→ **WORK REQUIRED**
From the first line of the listing below to the line containing "子供っぽい中絶合成携帯用子午", write out everything exactly. No pictures.

→ **DATASET CONTENT**
Content starts
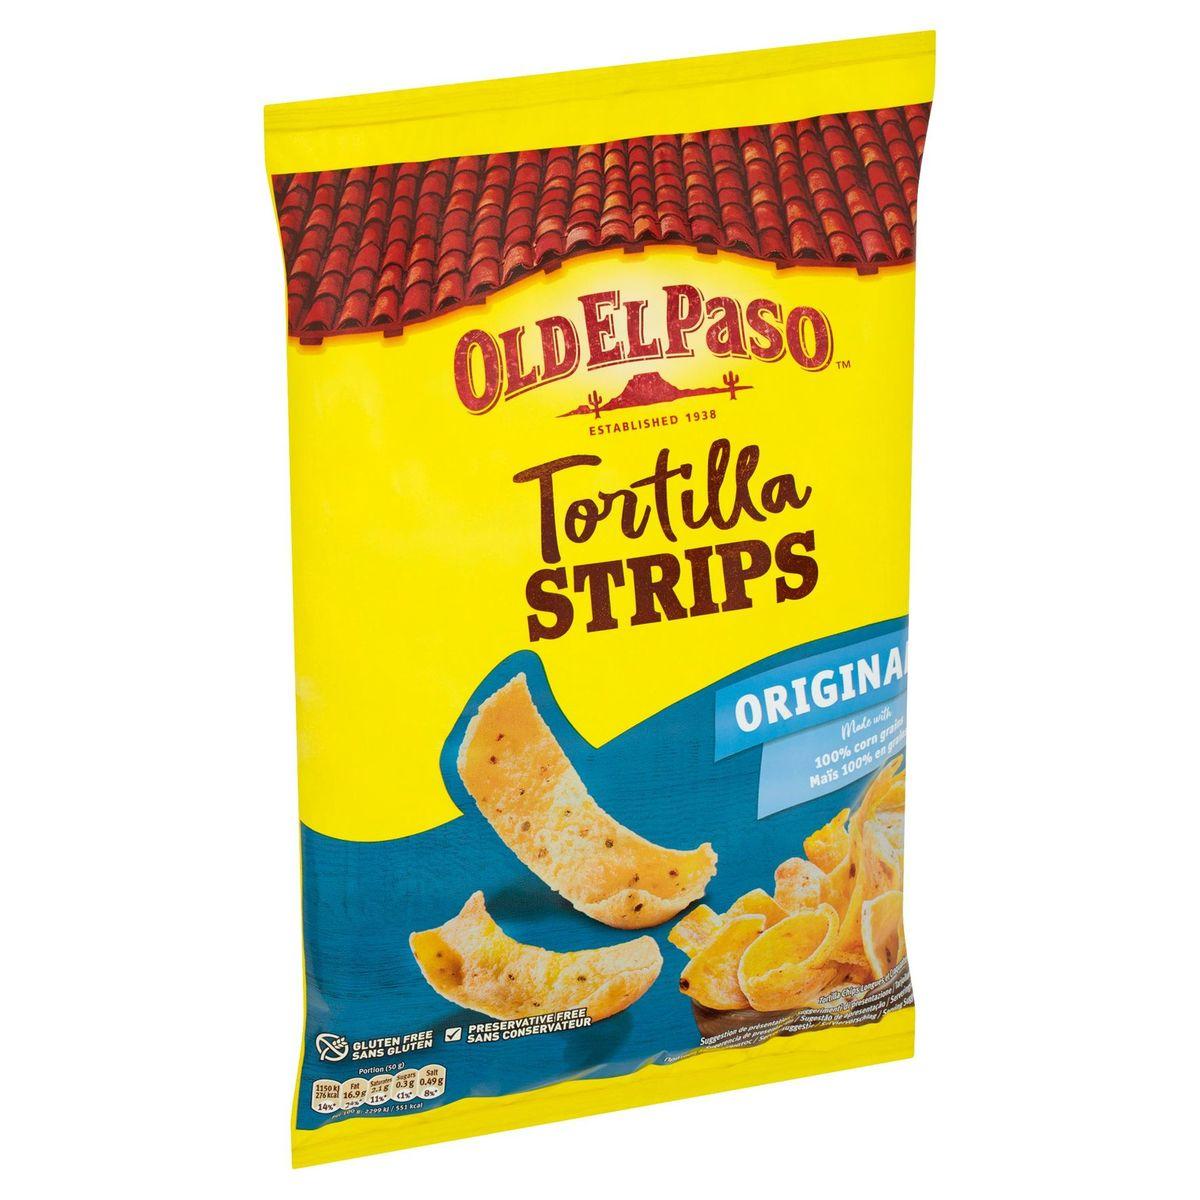 Old El Paso Tortilla Strips Original 185 g
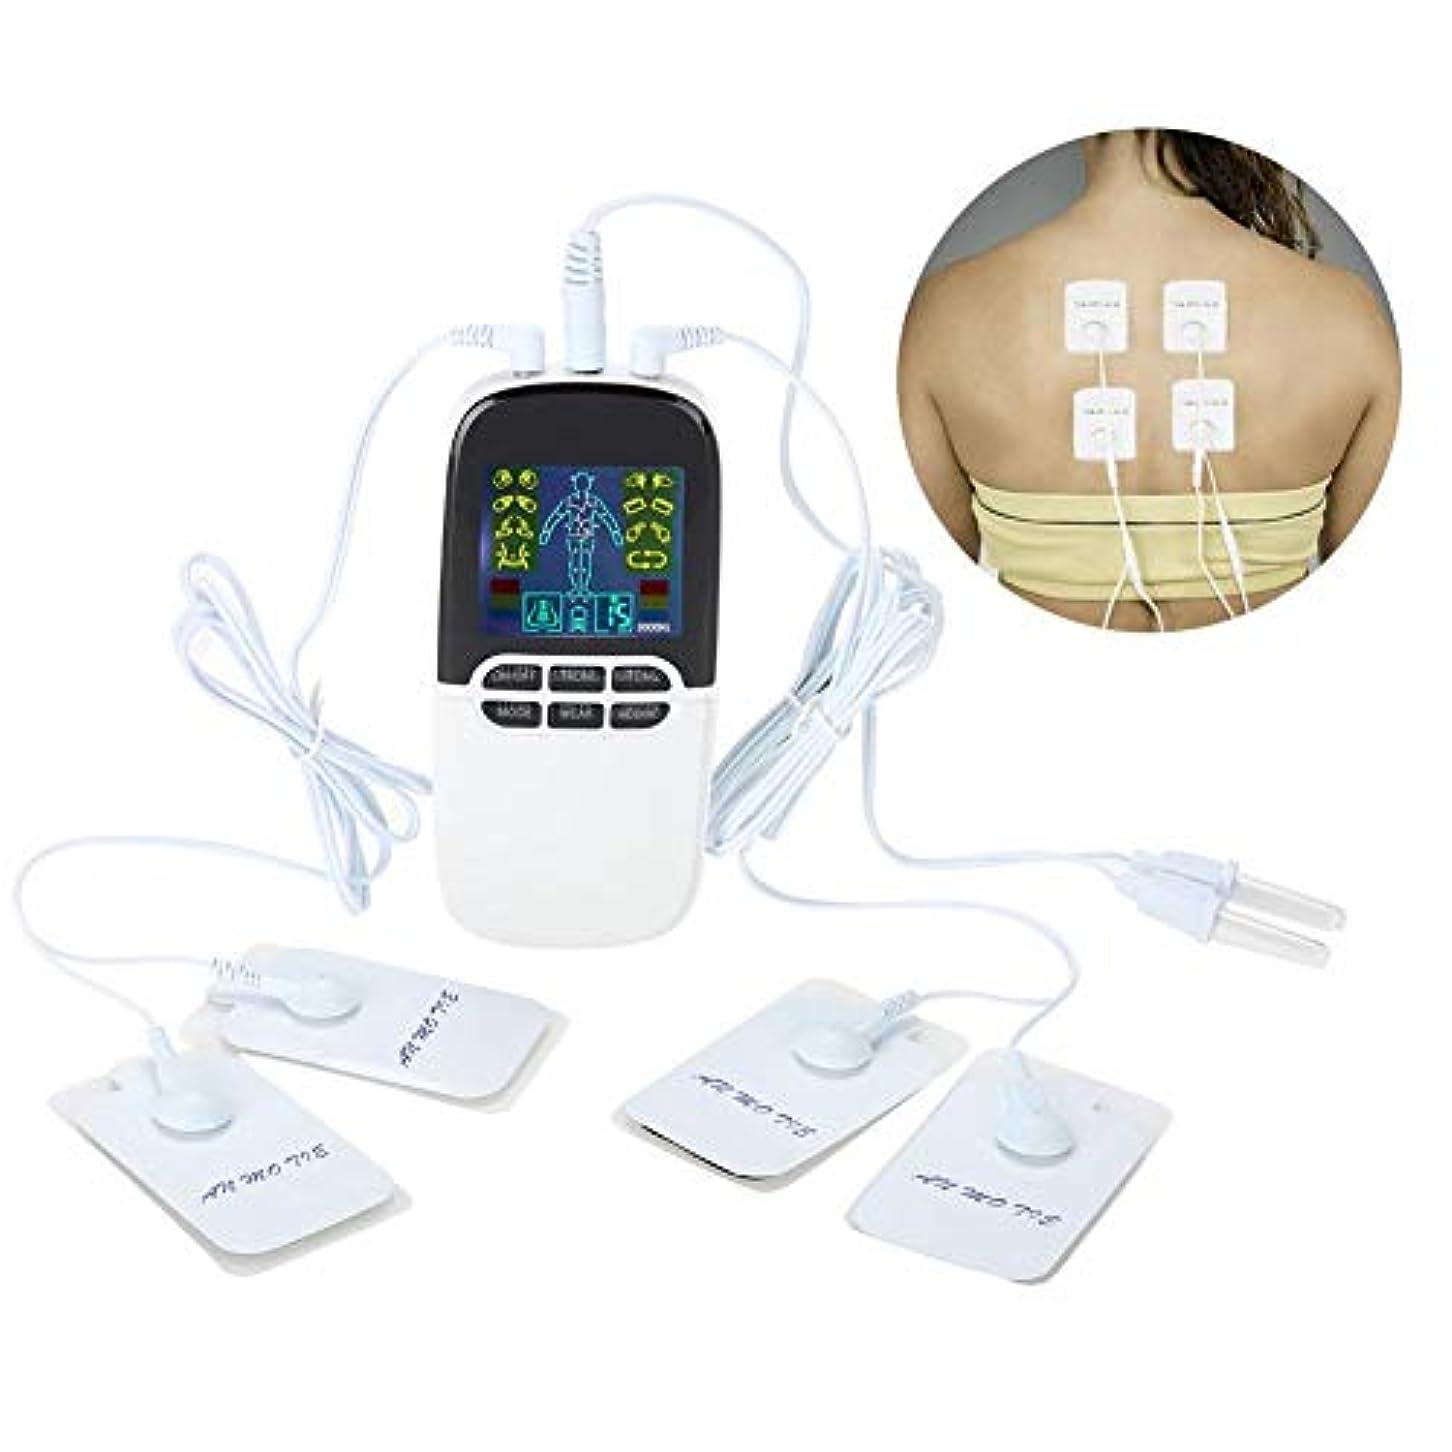 子供っぽい中絶合成携帯用子午線のマッサージャー、電子筋肉はヘルパーボディ痛みの軽減のデジタル脈拍装置ヘルスケア用具を緩めます
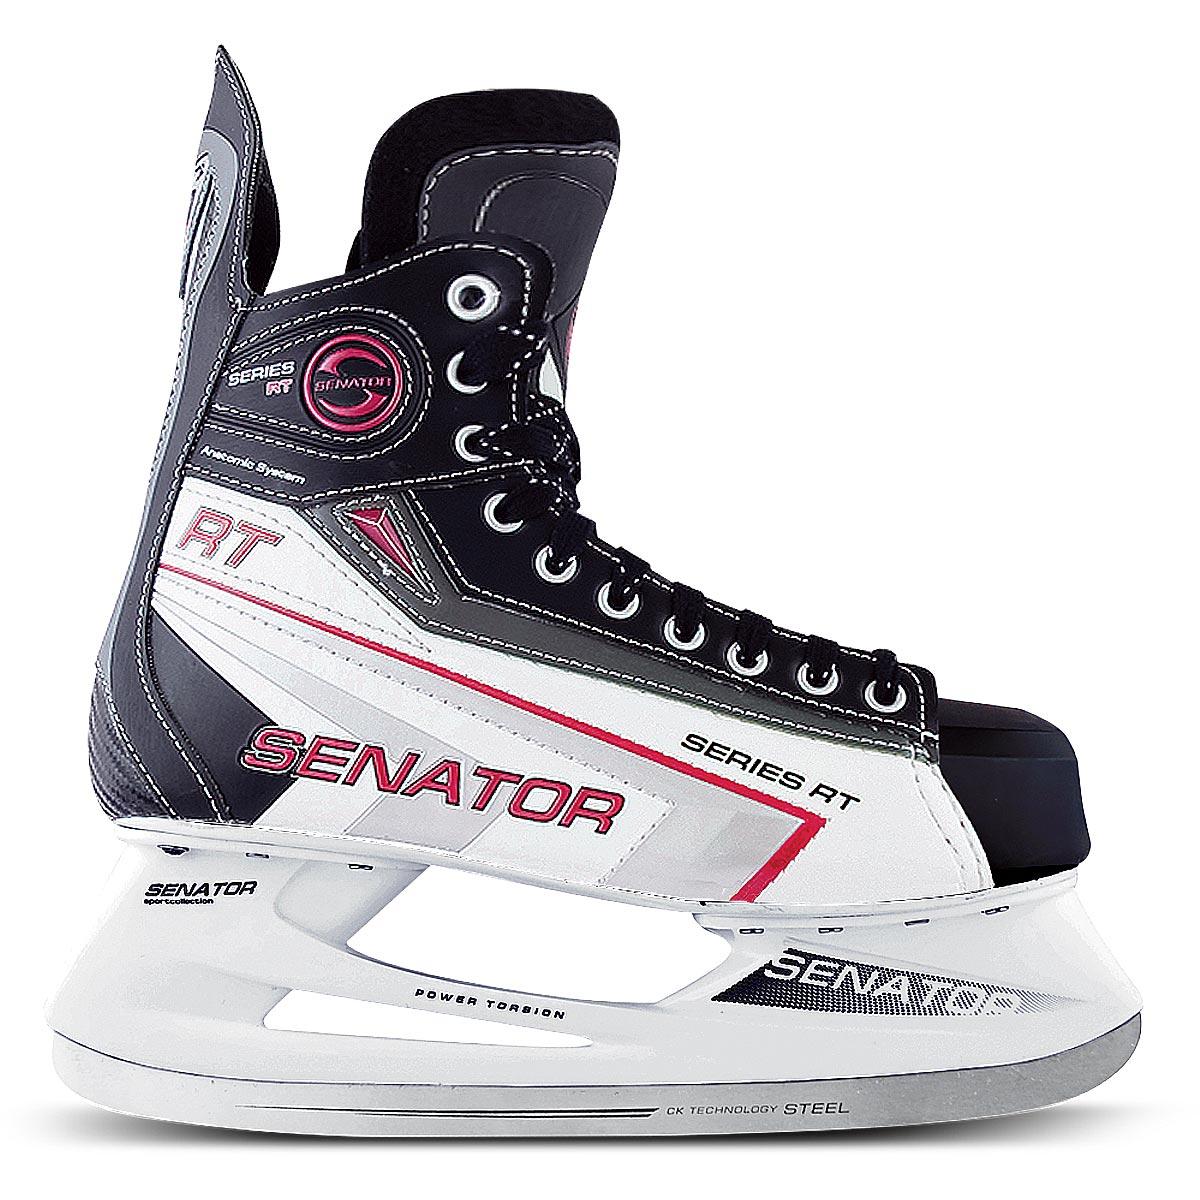 Коньки хоккейные мужские СК Senator RT, цвет: черный, белый. Размер 43SENATOR RT_черный, белый_43Стильные коньки от CK прекрасно подойдут для начинающих игроков в хоккей. Ботинок выполнен из морозоустойчивой искусственной кожи и ПВХ. Мыс дополнен вставкой, которая защитит ноги от ударов. Внутренний слой и стелька изготовлены из мягкого вельвета, который обеспечит тепло и комфорт во время катания, язычок - из войлока. Плотная шнуровка надежно фиксирует модель на ноге. Анатомический голеностоп имеет удобный суппорт. По верху коньки декорированы оригинальным принтом и тиснением в виде логотипа бренда. Подошва - из твердого пластика. Стойка выполнена из ударопрочного поливинилхлорида. Лезвие из нержавеющей стали обеспечит превосходное скольжение. Оригинальные коньки придутся вам по душе.
Content ends
→ **RESULT FOR THIS EXERCISE**
 Old El Paso Tortilla Strips Original 185 g
 子供っぽい中絶合成携帯用子午線のマッサージャー、電子筋肉はヘルパーボディ痛みの軽減のデジタル脈拍装置ヘルスケア用具を緩めます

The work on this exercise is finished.